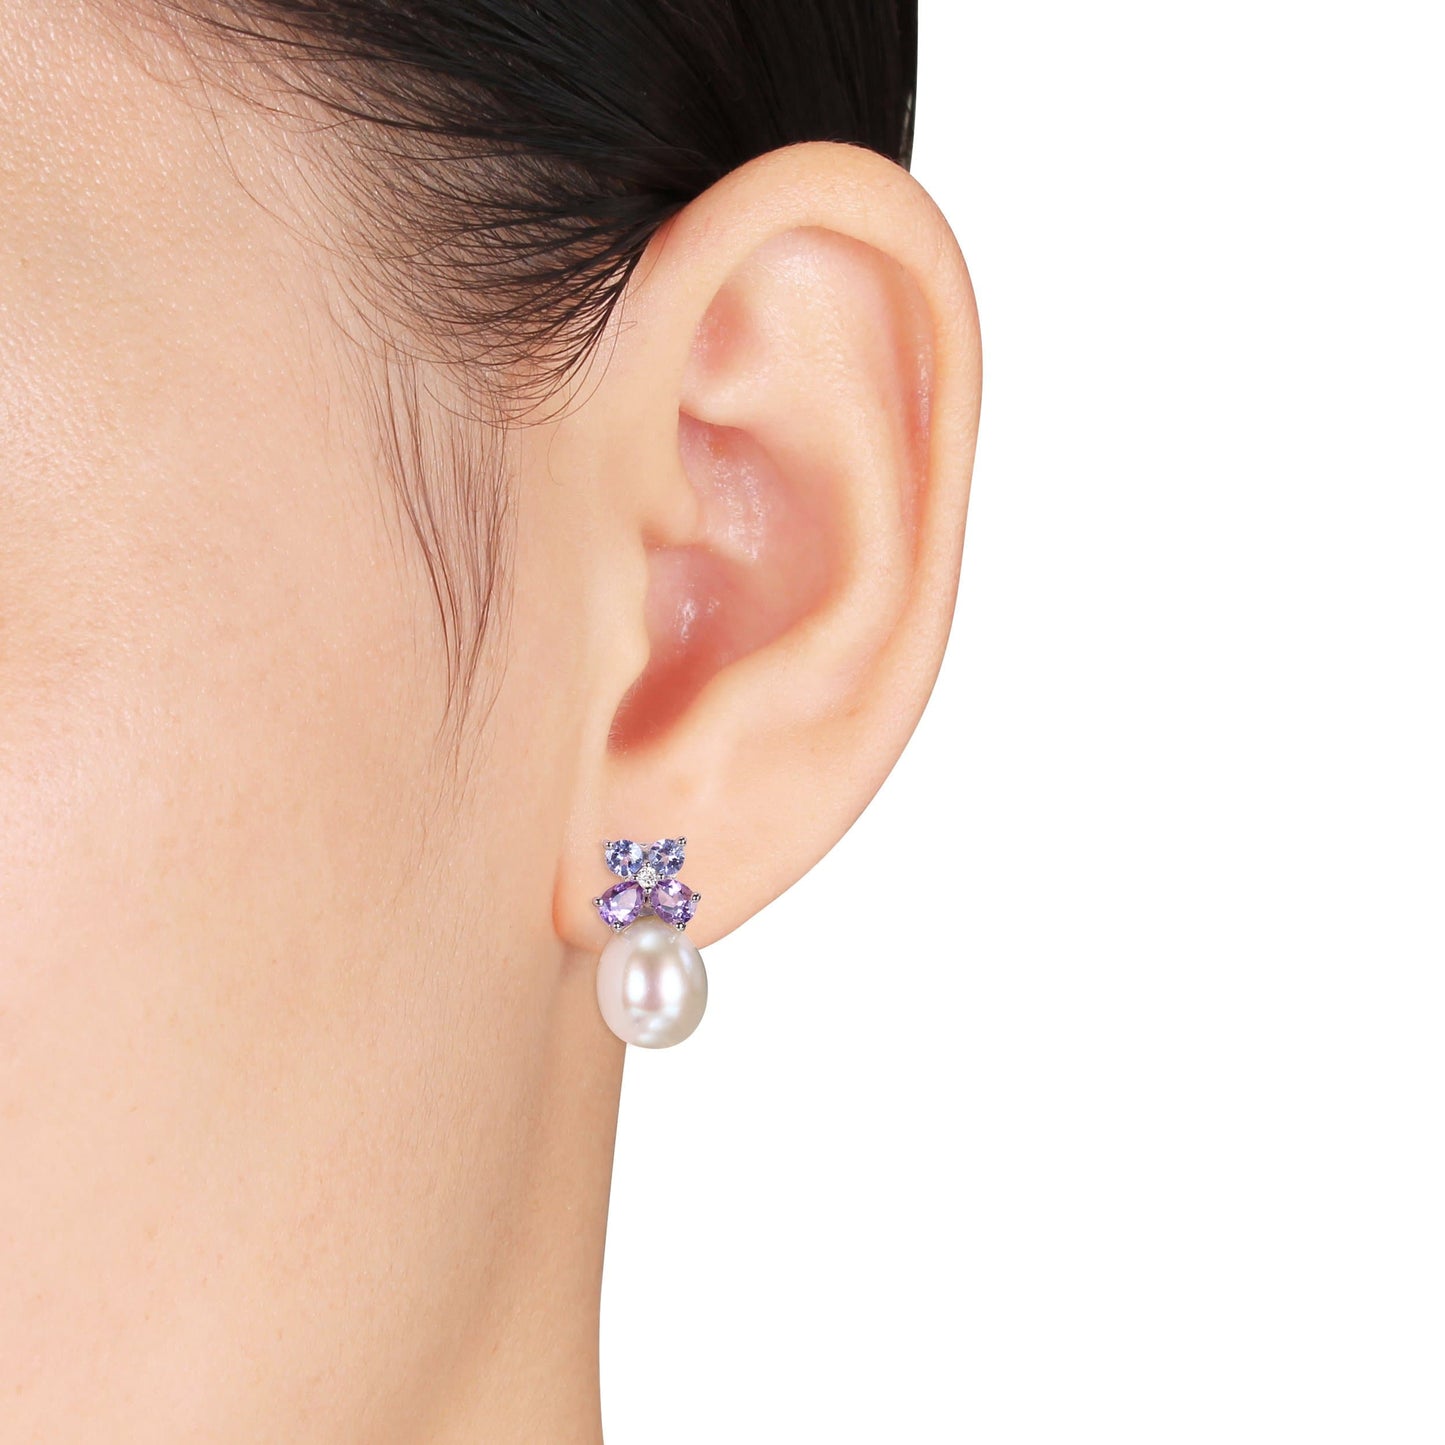 Sophia B 1ct Pearl & Amethyst White Stud Earrings
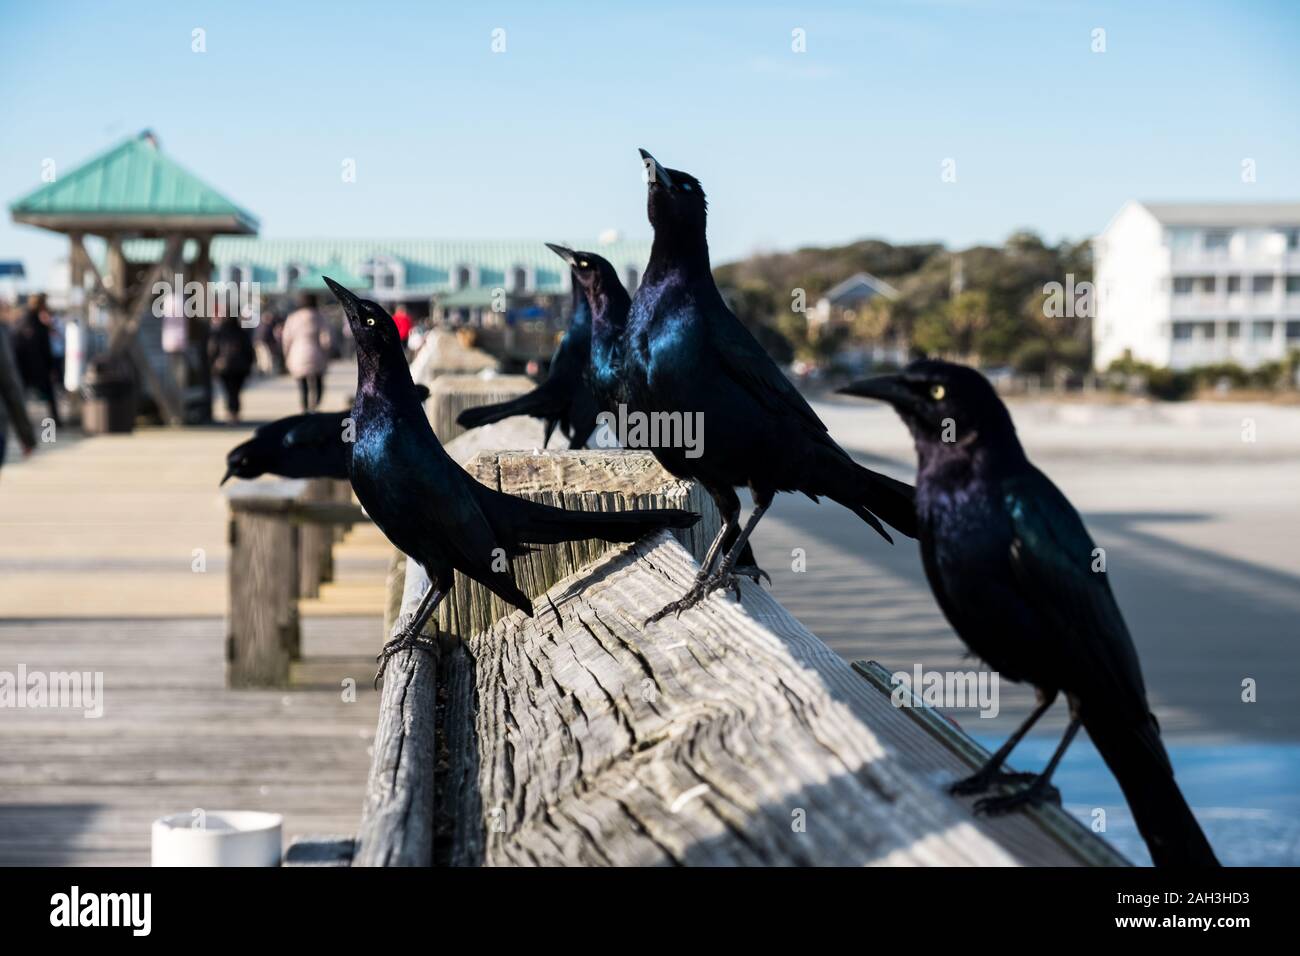 Nahaufnahme Foto von Brauereien schwarze Vögel sitzen auf hölzernen Pier Stockfoto
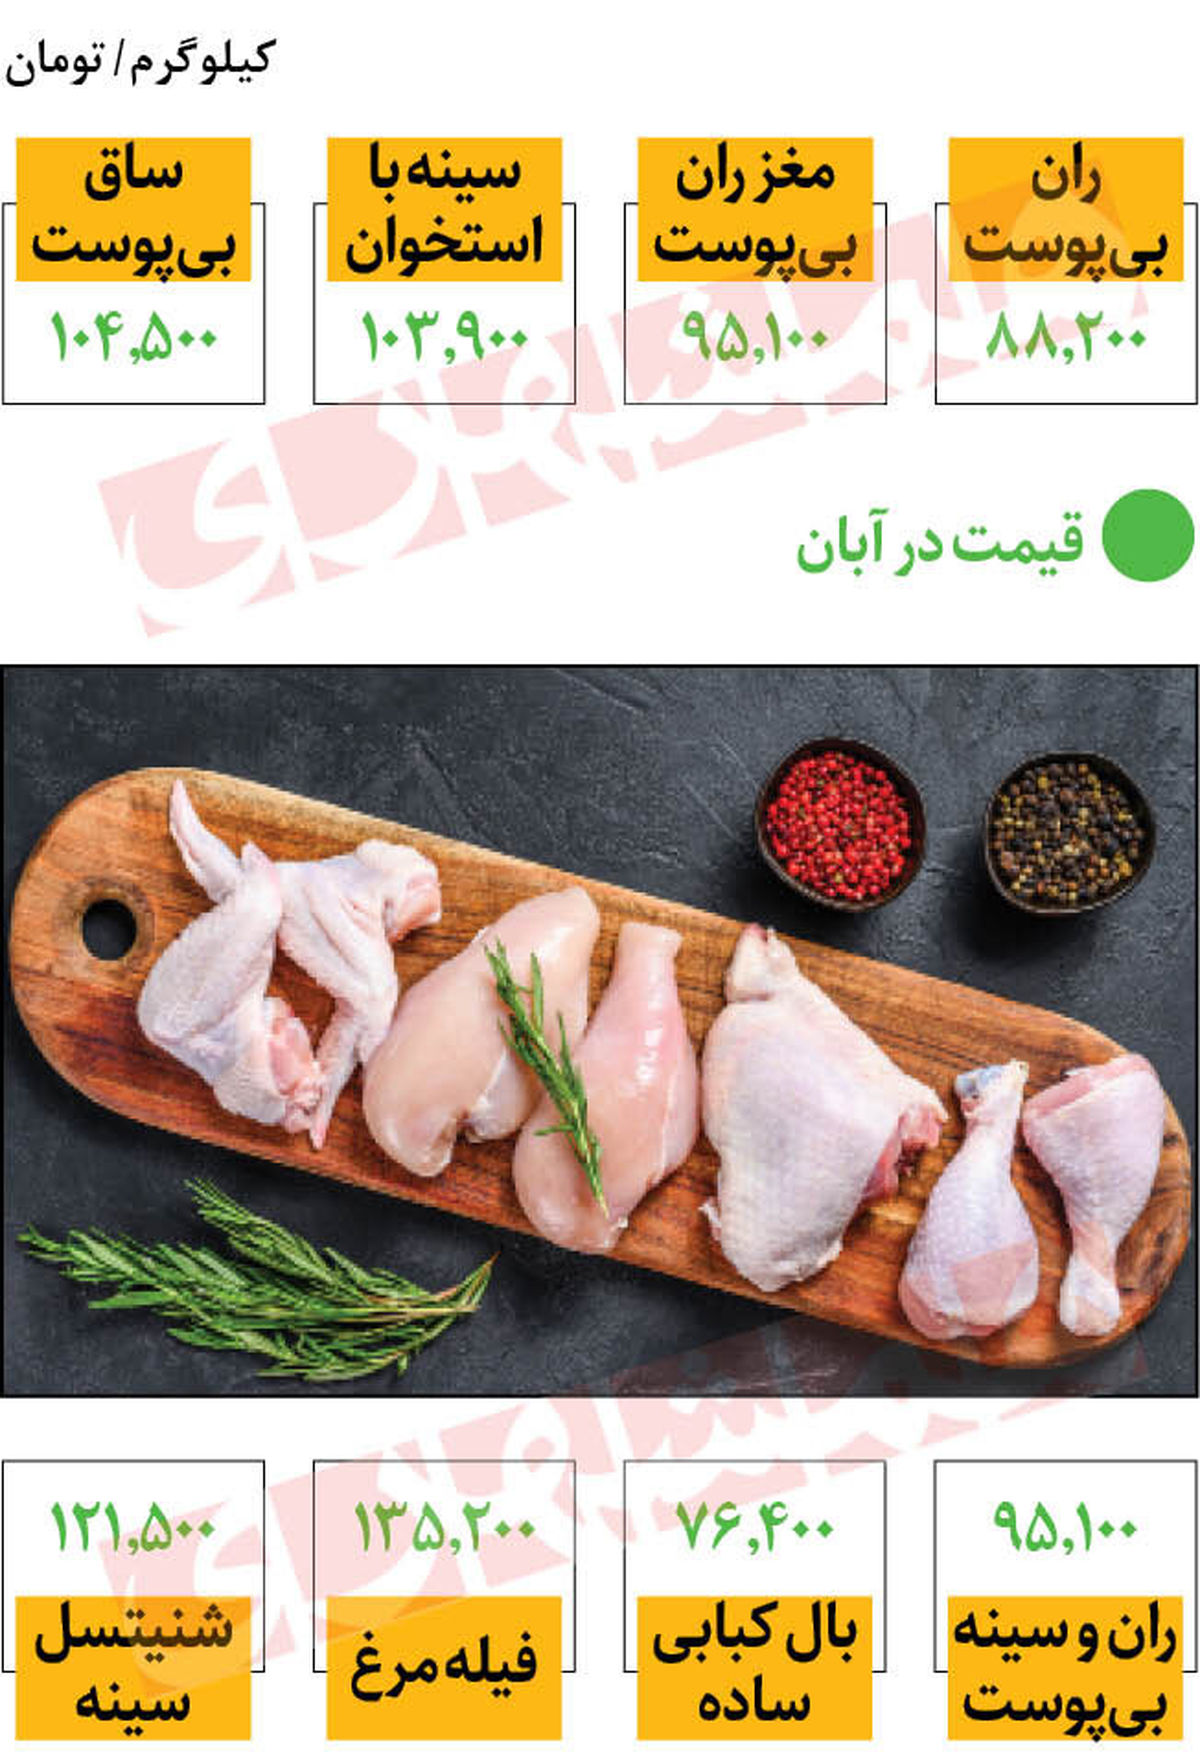 قیمت مرغ امروز 27 فروردین | قیمت مرغ گرم در بازار امروز 
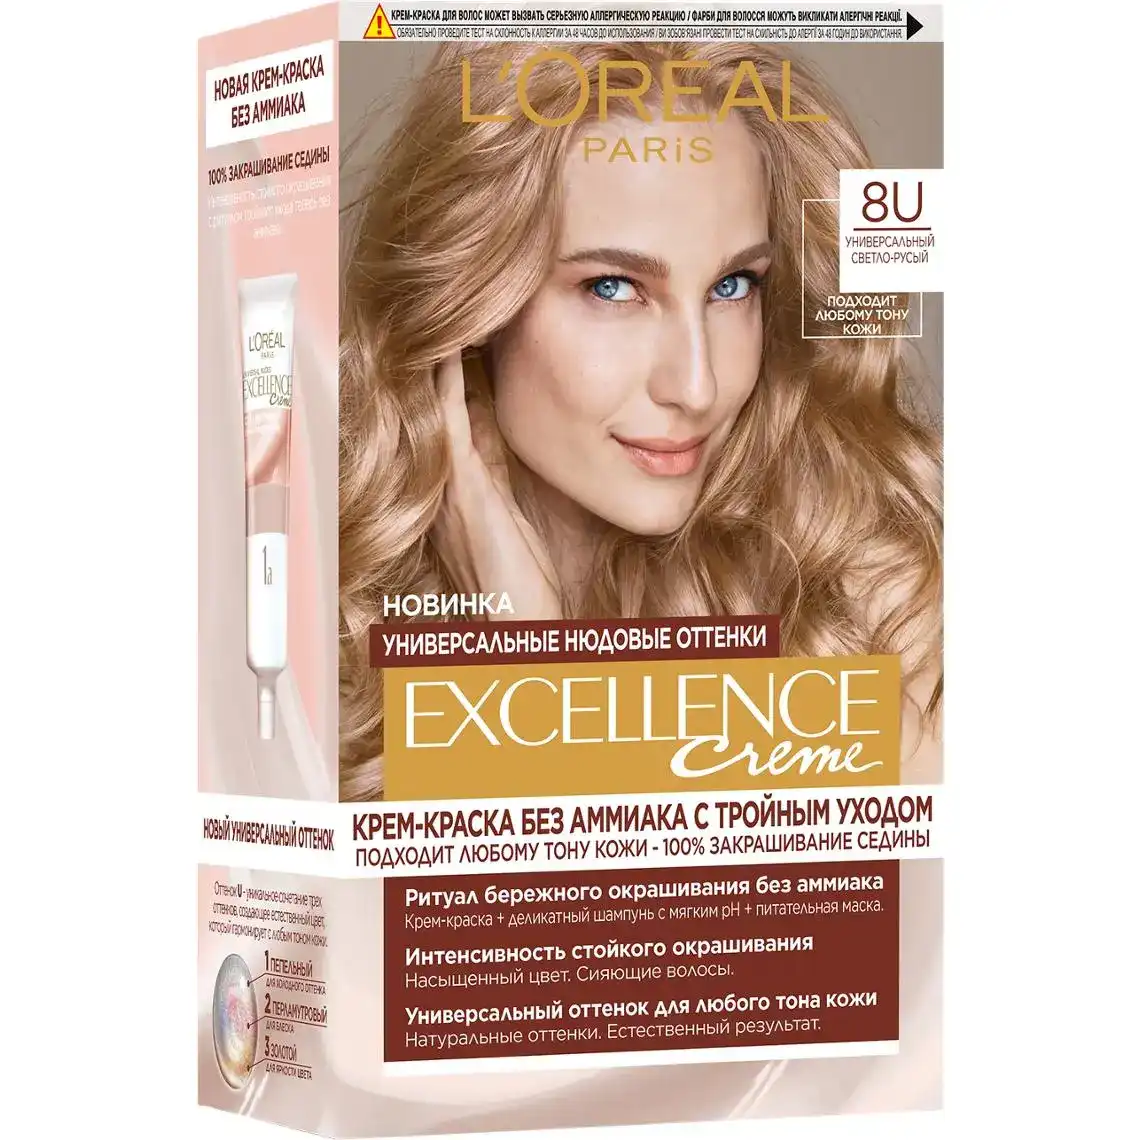 Крем-фарба для волосся L'Oreal Paris Excellence Creme №8U універсальний світло-русявий 1шт

**Work instruction:** Beginning with the line that holds "Nahaufnahme Foto von" and ending with the last line of the material above, extract every line exactly, pictures excluded.

**Response below:**
 Nahaufnahme Foto von Brauereien schwarze Vögel sitzen auf hölzernen Pier Stockfoto
 قیمت مرغ امروز 27 فروردین | قیمت مرغ گرم در بازار امروز 
 Крем-фарба для волосся L'Oreal Paris Excellence Creme №8U універсальний світло-русявий 1шт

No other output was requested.